Интерпретация данного текста может быть представлена следующим образом: до того, как каждый из нас получит возможность увидеть свет, сделав первый вздох, мы пребываем во тьме материнского чрева аналогично тому, как последний выдох, сопровождаемый погружением во тьму, приведет нас в лоно матери-Земли.

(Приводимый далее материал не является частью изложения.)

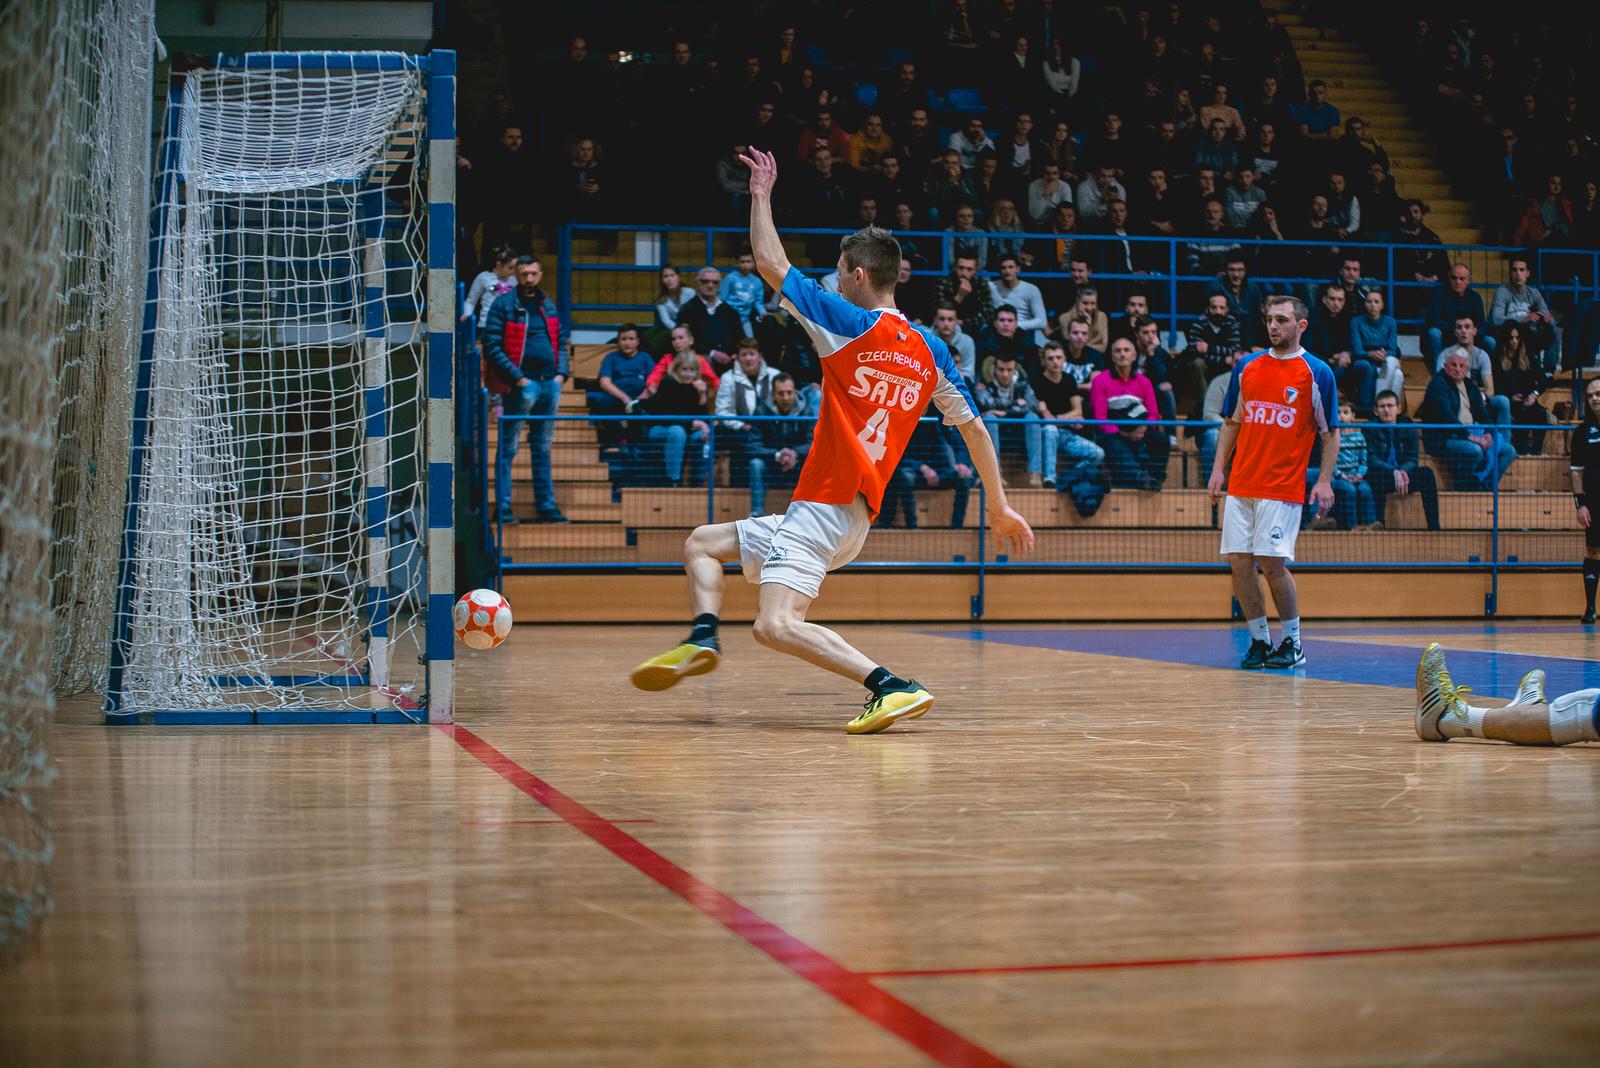 likaclub_gospić_zimski-malonogometni-turnir-2018-19-69

В то же время, в противоположность Еврипиду, Пазолини вводит в повествование кентавра. Согласно исследователю, его присутствие обусловлено тем, что «Кентавр Пазолини как бы восполняет недостаток рефлексирующего «я» Ясона (роль отца), он же автор высказываний о связи между современностью и архаикой, промежуточное звено между античными героями и современным зрителем. Он типичный медиатор, в котором сплетено животное и человеческое начало. Характерно, что в середине фильма он раздваивается на кентавра-полузверя и собственно человека (немаловажная деталь — исчезновение у последнего буйной растительности на лице, что связано с переходом из варварского к человеческому состоянию)» [4]. Помимо этого, «кентавр Пазолини, в отличие от хора, который разъясняет и поучает, — настоящий трикстер, он путает, иронически комментирует, а иногда под видом абсолютной мудрости (поучения) пытается преподнести современные концепции мифа, относительные, как и любое научное знание. Он говорит двусмысленности или подает знаки. Он приглашает к игре, результатом которой может быть не только эстетическое или интеллектуальное удовольствие, но также более глубокое понимание темы судьбы, исчезающей у Еврипида» [4].
В свою очередь, Медея Л. Фон Триера (1988 г. Производство: Дания. Режиссёр: Ларс фон Триер. В роли Медеи Керстен Олесен) полностью лишена примет южного темперамента: она сдержанна, величественна и немногословна. Если в финале трагедии Еврипида Гелиос уносит на колеснице и саму Медею, и тела ее детей, то героиня Триера оставляет своих сыновей повешенными на голых ветвях одинокого дерева. Мертвенность последнего в данном случае есть знак духовной немощи самого Ясона, поскольку те, кто являл собой его продолжение, отныне безжизненны подобно усохшему древу, послужившему виселицей для обоих. При этом вертикально расположенный ствол, соединяющий землю и небо, может рассматриваться в качестве утратившего свой сакральный символ фаллического символа [12]. Разом потерявший и Главку как потенциальную мать своих будущих детей, и Медею, сознательно лишившую его отцовства, Ясон остается одним из смертных, которым отказано в избранничестве. С гибелью детей его творческая мужская энергия деактуализируется, вследствие чего он перестает быть подобием творящего божества.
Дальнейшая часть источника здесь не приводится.